Excellent idea. But why don’t congressmen practice what they preach? Congressional Democrats appear focused on the U.S. Chamber of Commerce:

The nation’s biggest business lobbying group, the Chamber spent $47 million on so-called issue advertising last year. … An additional $144 million of Chamber spending went for lobbying last year. … That spending isn’t affected by the court ruling or proposed legislation.

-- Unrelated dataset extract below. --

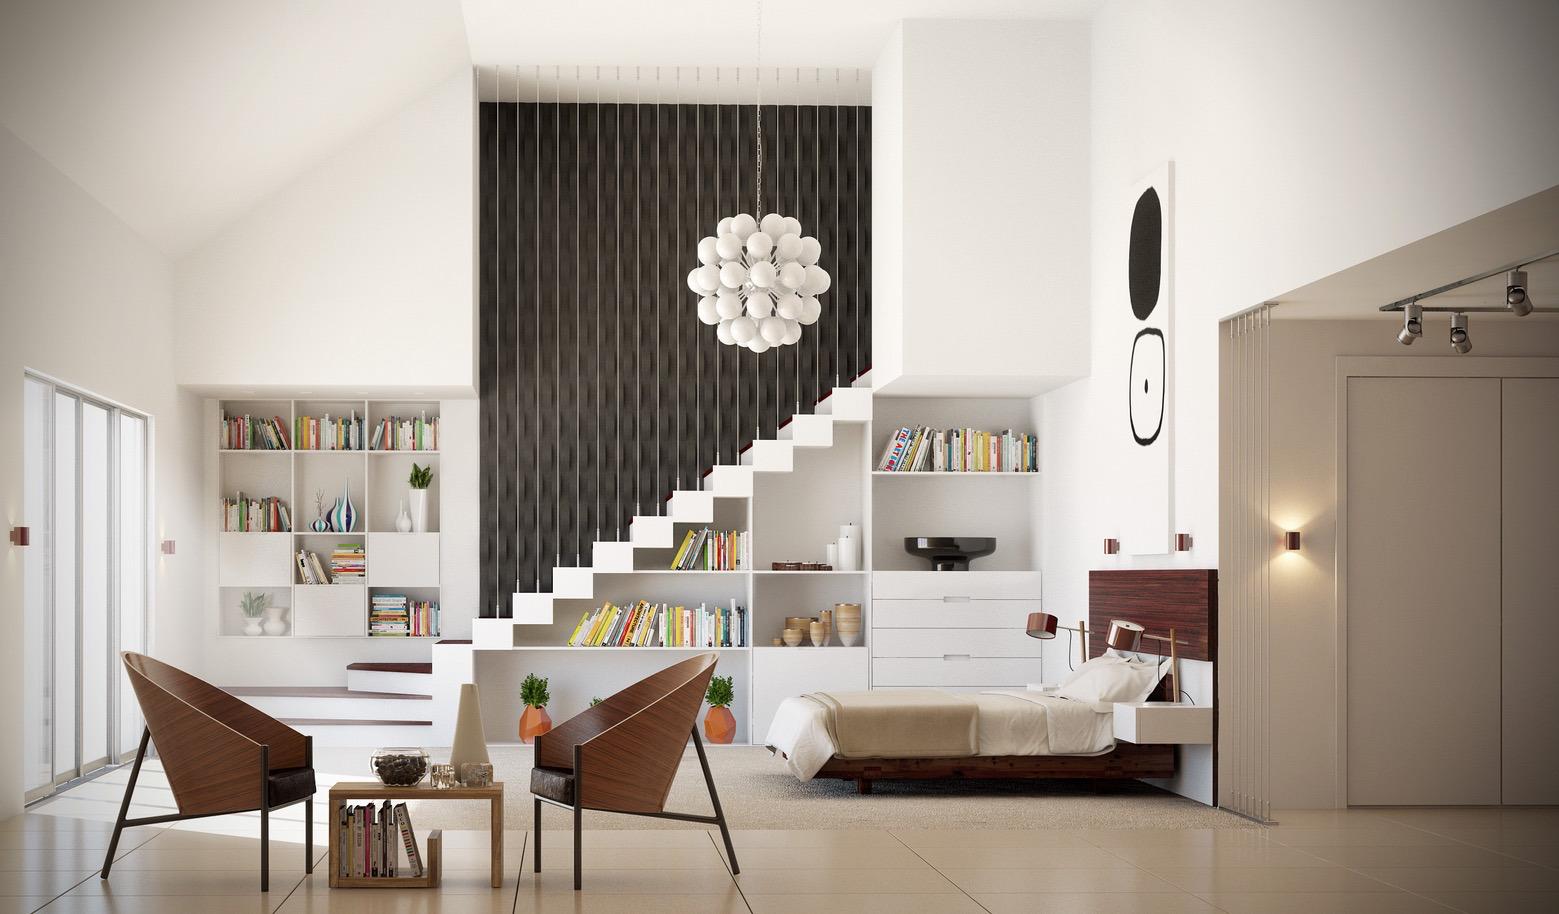 تصميم شقة من غرفة واحدة 42 مربع م 31 صور مشروع مع تخطيط ممتاز أفكار التصميم الداخلي مثيرة للاهتمام
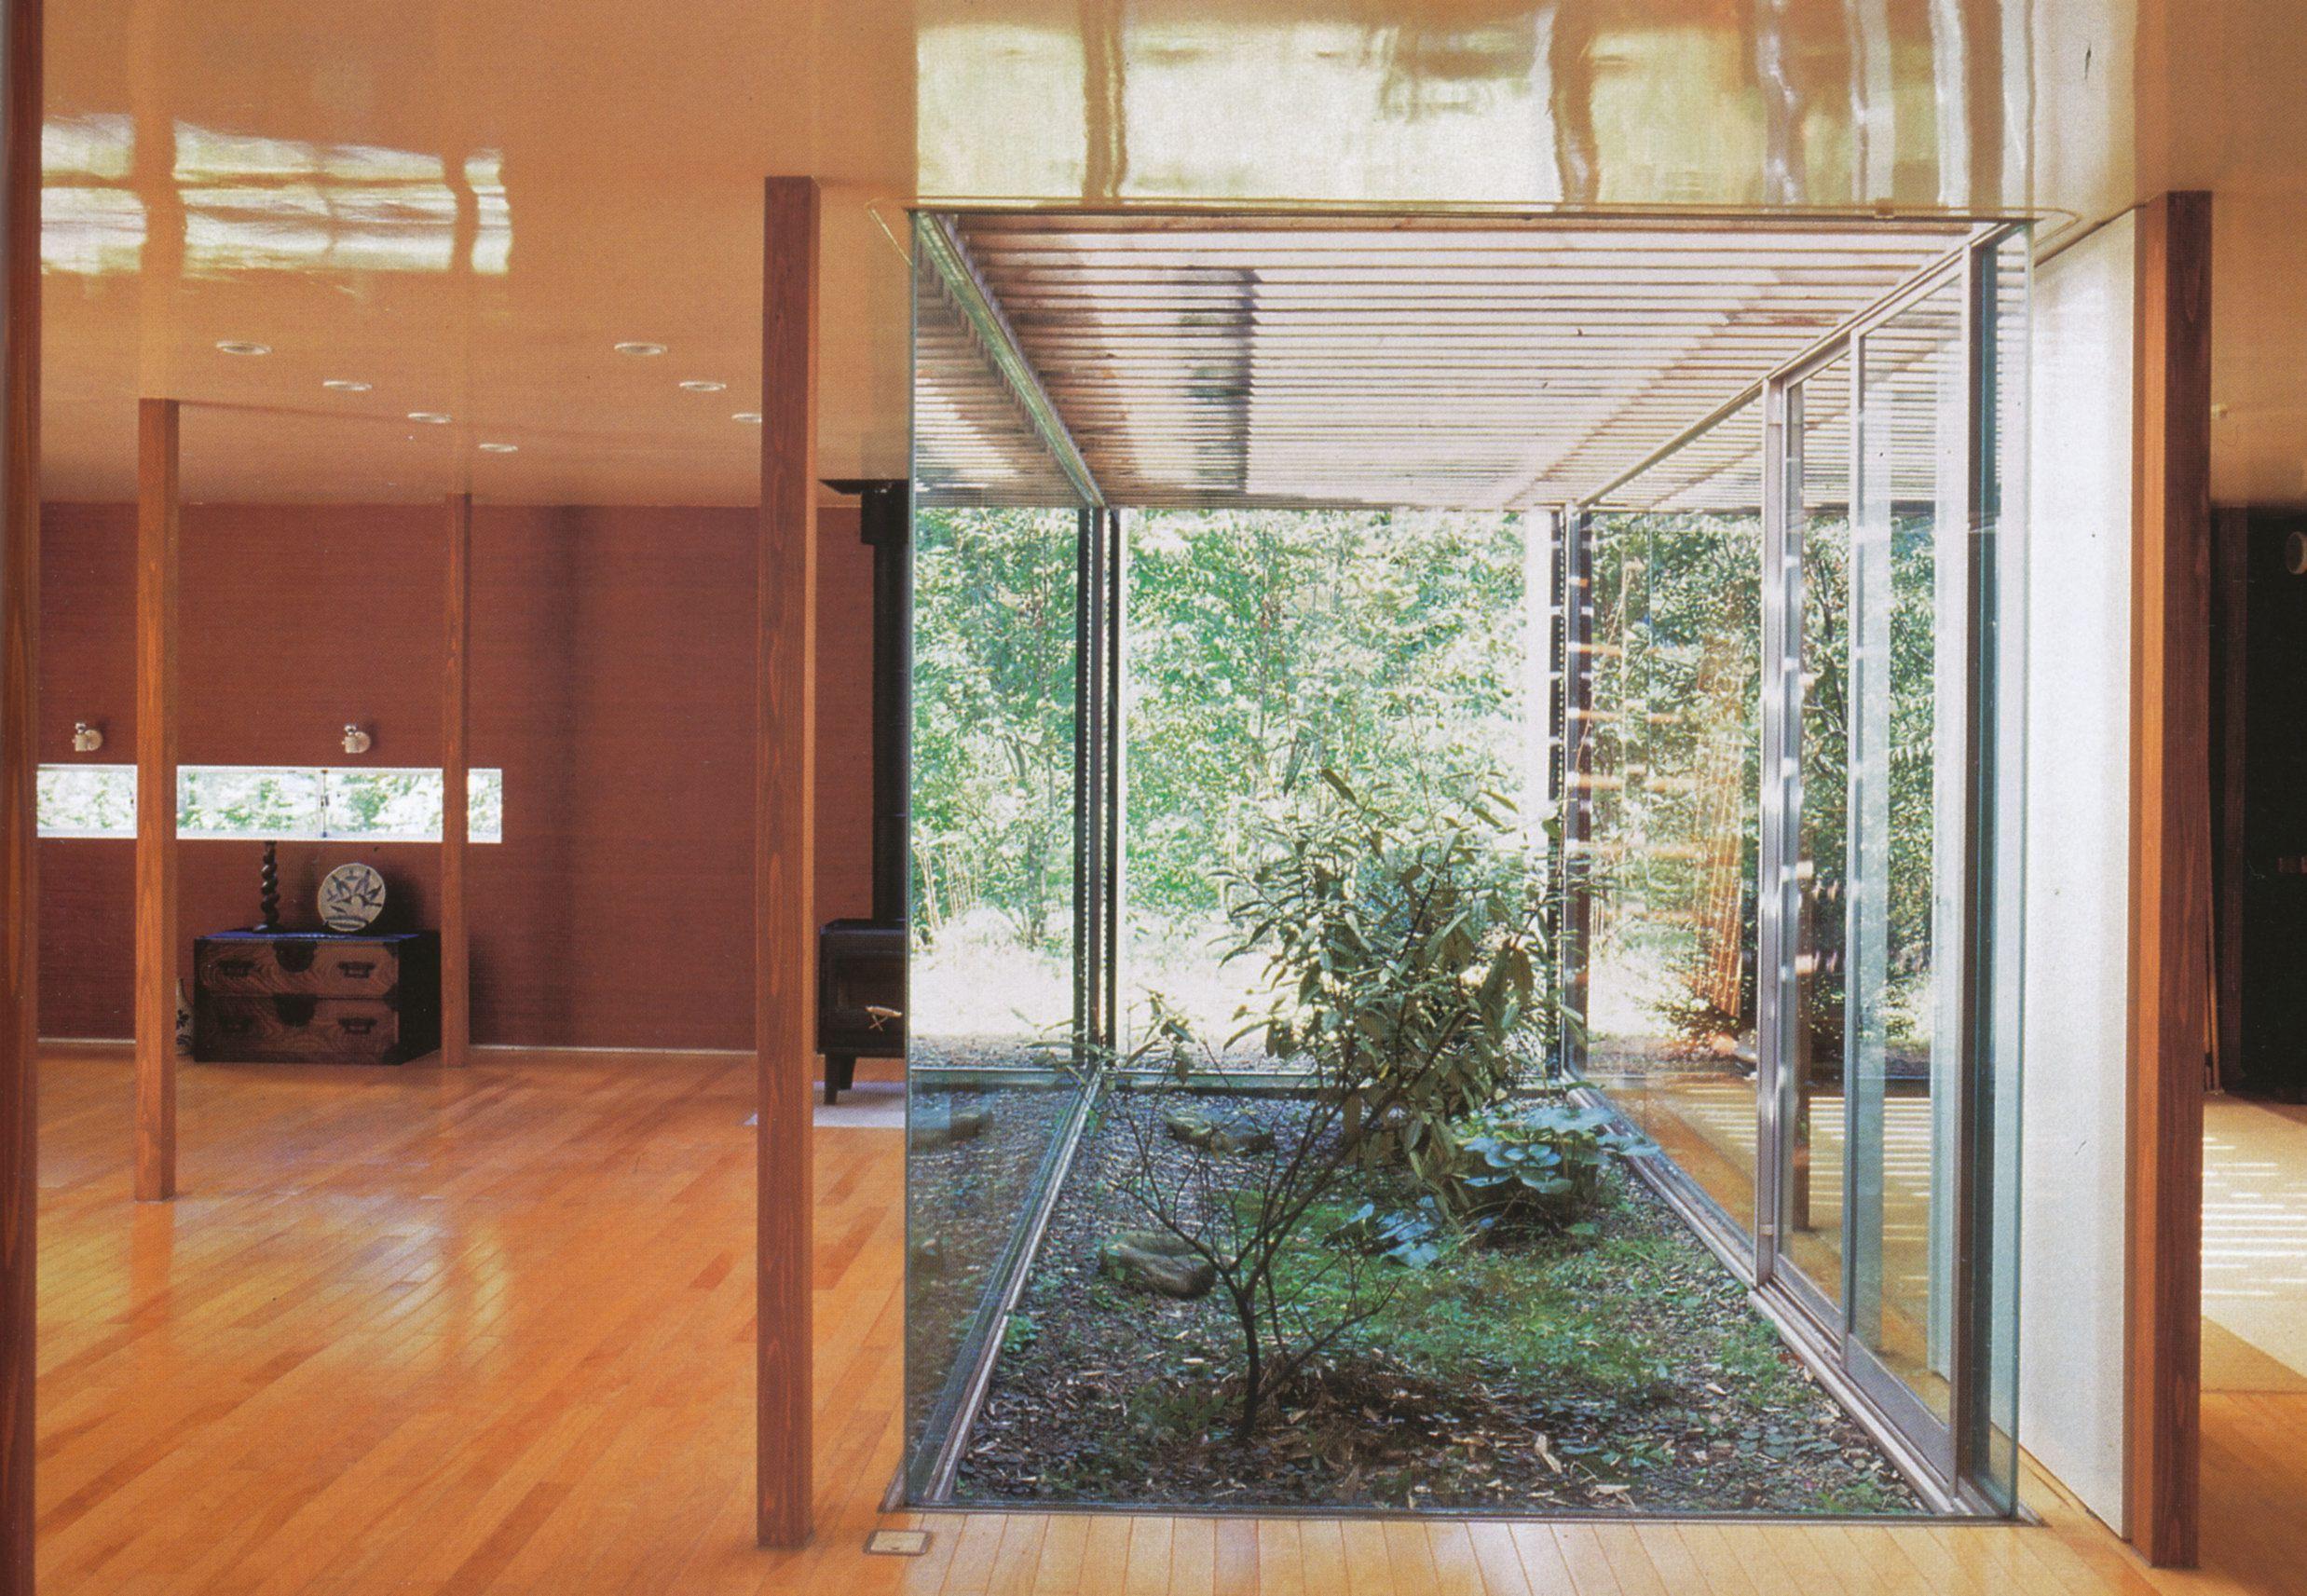 Ryue Nishizawa weekend house, Gunma, Japan Casa de fin

What seems to be the key issue is that the Chamber ran ads supporting 10 Republican candidates in 2008, and spent another $1 million supporting Massachusetts Republican Senator Scott Brown’s candidacy. To put the Chamber’s $191 million in perspective, during the 2008 election cycle:

— Unions contributed over $60 million to pro-Democratic 527s, and 92% (over $68 million) of their direct campaign contributions went to Democrats.

— Democrat/Liberal 527s spent over $160 million on issue advertising, compared to Republican/Conservatives’ $61 million.

— Ideology/Single Issue organizations spent $304.7 million, with 66% (over $200 million) going to Democrats. They spent another $167.6 million on 527s.

— Lawyers and law firms spent $233.7 million, with 76% ($178.7 million) going to Democrats.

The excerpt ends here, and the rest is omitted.